I am working with sequence data and want to determine the enrichment of flanking nucleotides of a motif.

Let XXXX be the motif I'm interested in. I want to know if, for example, (A|XXXX) is enriched or not over the background.

To do this I took the frequency of (A|XXXX) and compared it to the frequency of A in the overall set of sequences I'm working with (in particular, I compared the frequency (A|XXXX) with the binomial distribution with p=A frequency in the overall set of sequences).

Is this approach correct?

Also let's assume I possess a background pool of sequences from which the ones I referred to above were derived (through a process of selection like a selex experiment for example). Is it imperative for me to use the background pool even in the case of conditional enrichment? My reasoning went like this:

Let us assume two datasets, a background starting dataset and a selected dataset derived from the background one. Let us also assume the motif XXXX mentioned before was indeed selected, but its flanking nucleotides were not. Now, if I am comparing the frequency of (A|XXXX) in the selected pool with the frequency of (A|XXXX) in the background pool under these conditions, I am effectively comparing freq(A) in the selected to freq(A) in the background, because flanking nucleotides did not undergo selection. Because some OTHER sequences (namely XXXX itself, but could be YYYY or WWWW) were selected, however, the nucleotide composition of the selected pool is most likely going to be different from that of the background pool. Hence, under these conditions, I would detect spurious differences in flanking nucleotide enrichment, despite no selection, whether comparing freq(A|XXXX) in the selected with freq(A) in the selected would have yielded no such confusion.

I think I understand what you are getting at but there are a few phrases that I am not sure I totally understand. I went ahead and provided an answer, hoping my interpretation was correct.

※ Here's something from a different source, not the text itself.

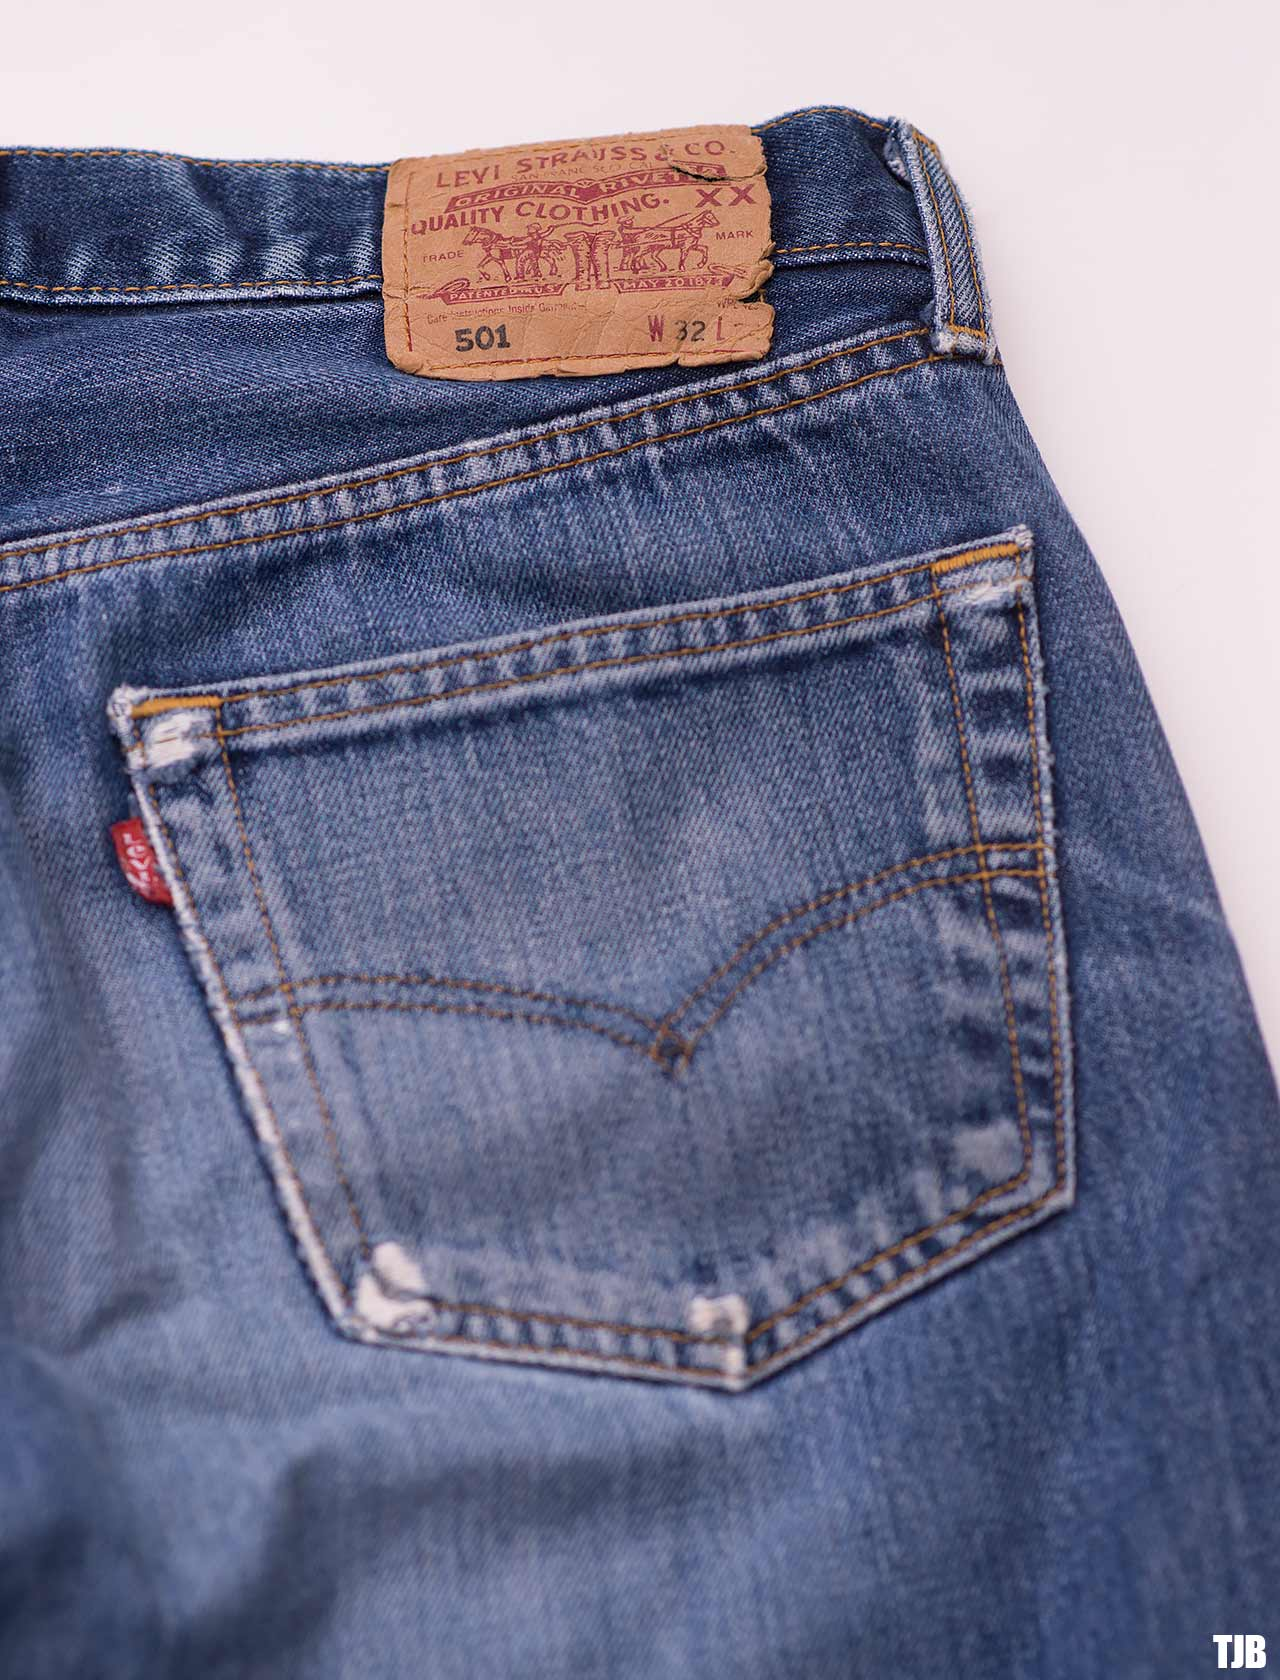 vintage-levis-501-raw-amazing-wash-jeans-6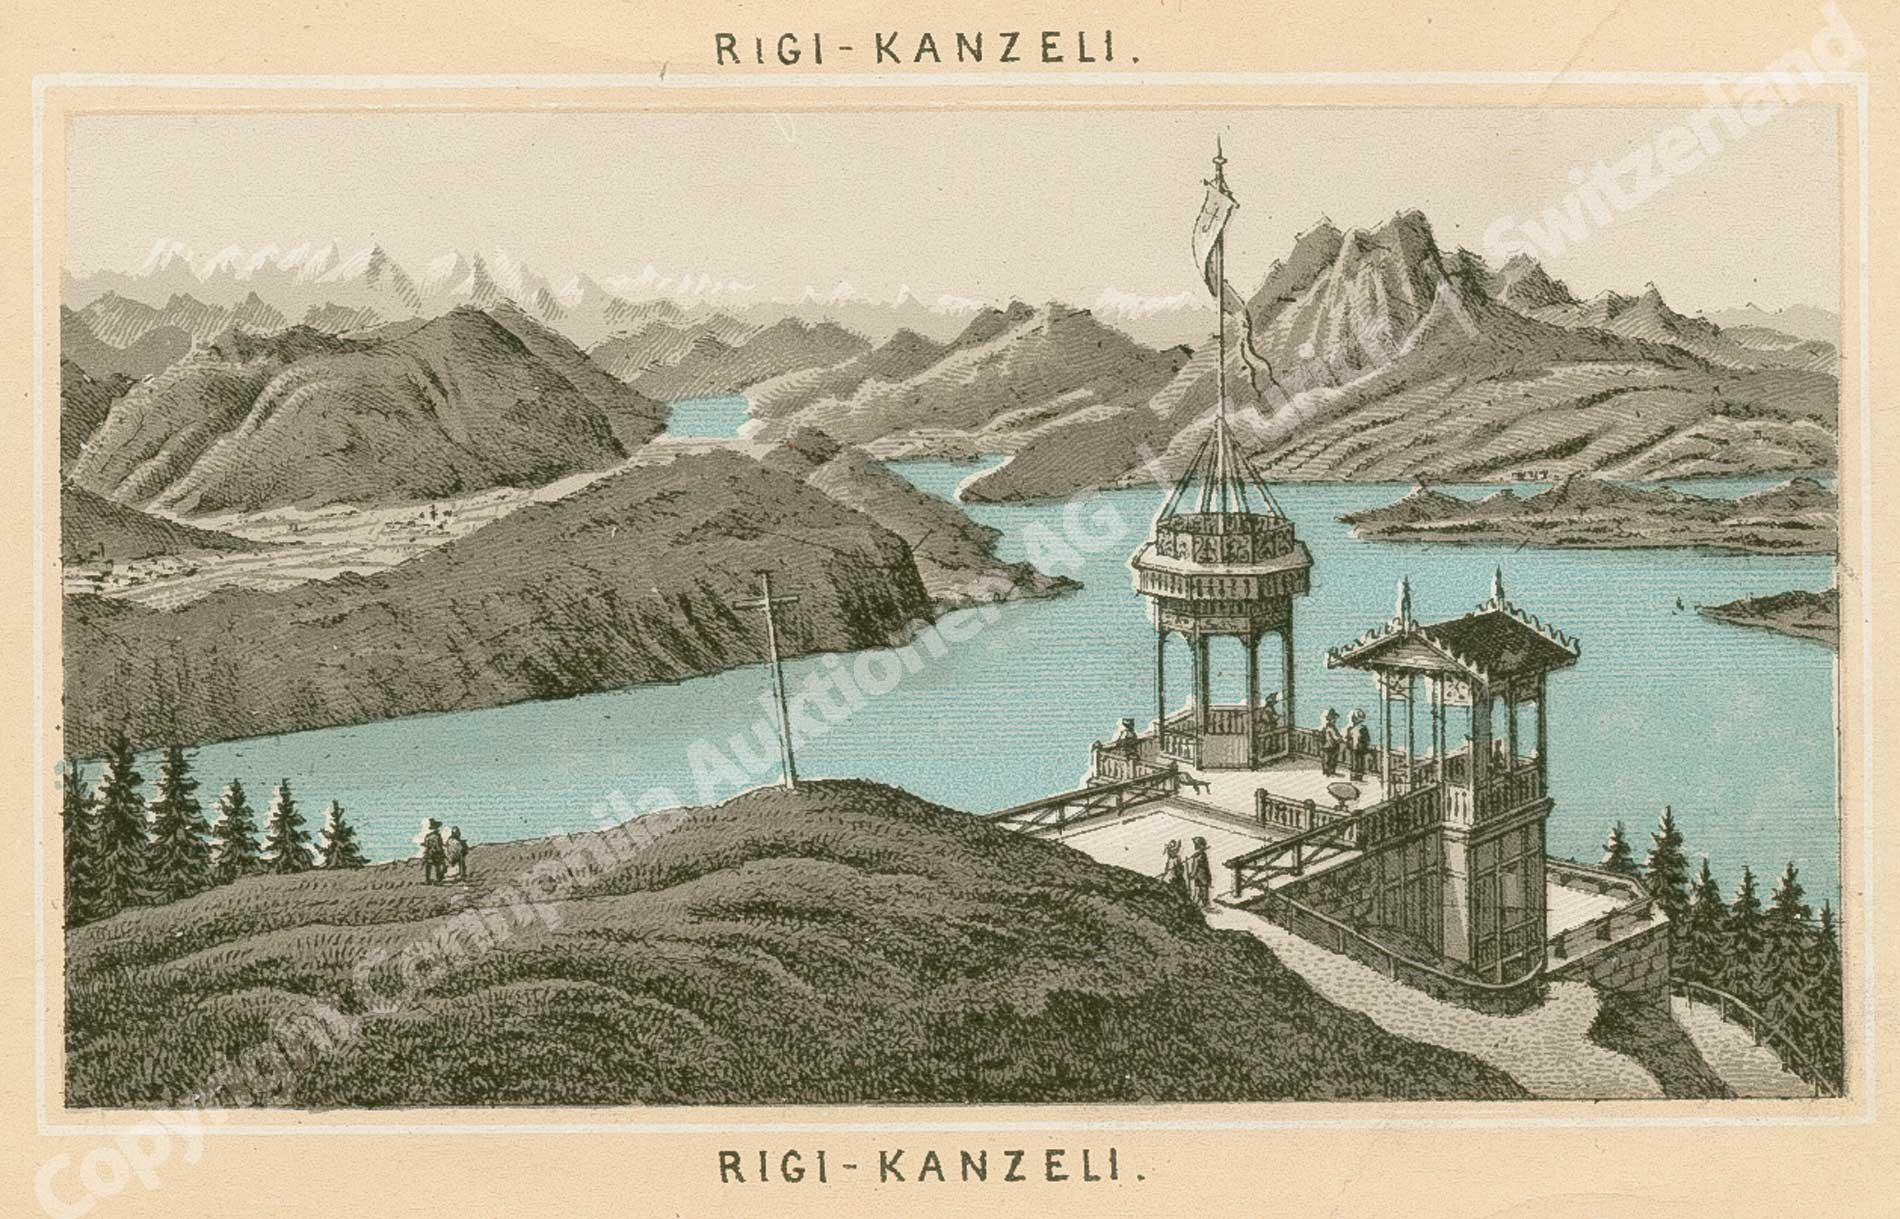 Rigi Kanzlei

The part I am unsure of is:

...because some OTHER sequences were selected, however, the nucleotide composition of the selected pool is most likely going to be different from that of the background pool...

here it would be helpful to know exactly what you mean by "OTHER sequences"

I think that what you mean is something like, you constructed the "selected dataset" by choosing segments that have the motif XXXX PLUS some other motif, and you are worried that the motif is co-incident with the A in AXXXX.

To me this seems like something you can test.

Let us call the other motif YYYY. Could you not first determine whether the frequency of A | (XXXX) differs from the frequency of A | (XXXX and YYYY) ? If it does, I think you could potentially still generate valid test statistics by controlling for this, one you know the degree of covariation, if there is any.

If there is no difference between the frequency of A based on the presence or absence of YYYY, the "OTHER" motif, then I would be comfortable assuming that at least that one aspect of the selection process did not inflate the test statistic...

I hope that helps. This was interesting to think about. I think you are doing a great job of looking for potential issues... wish everyone did that.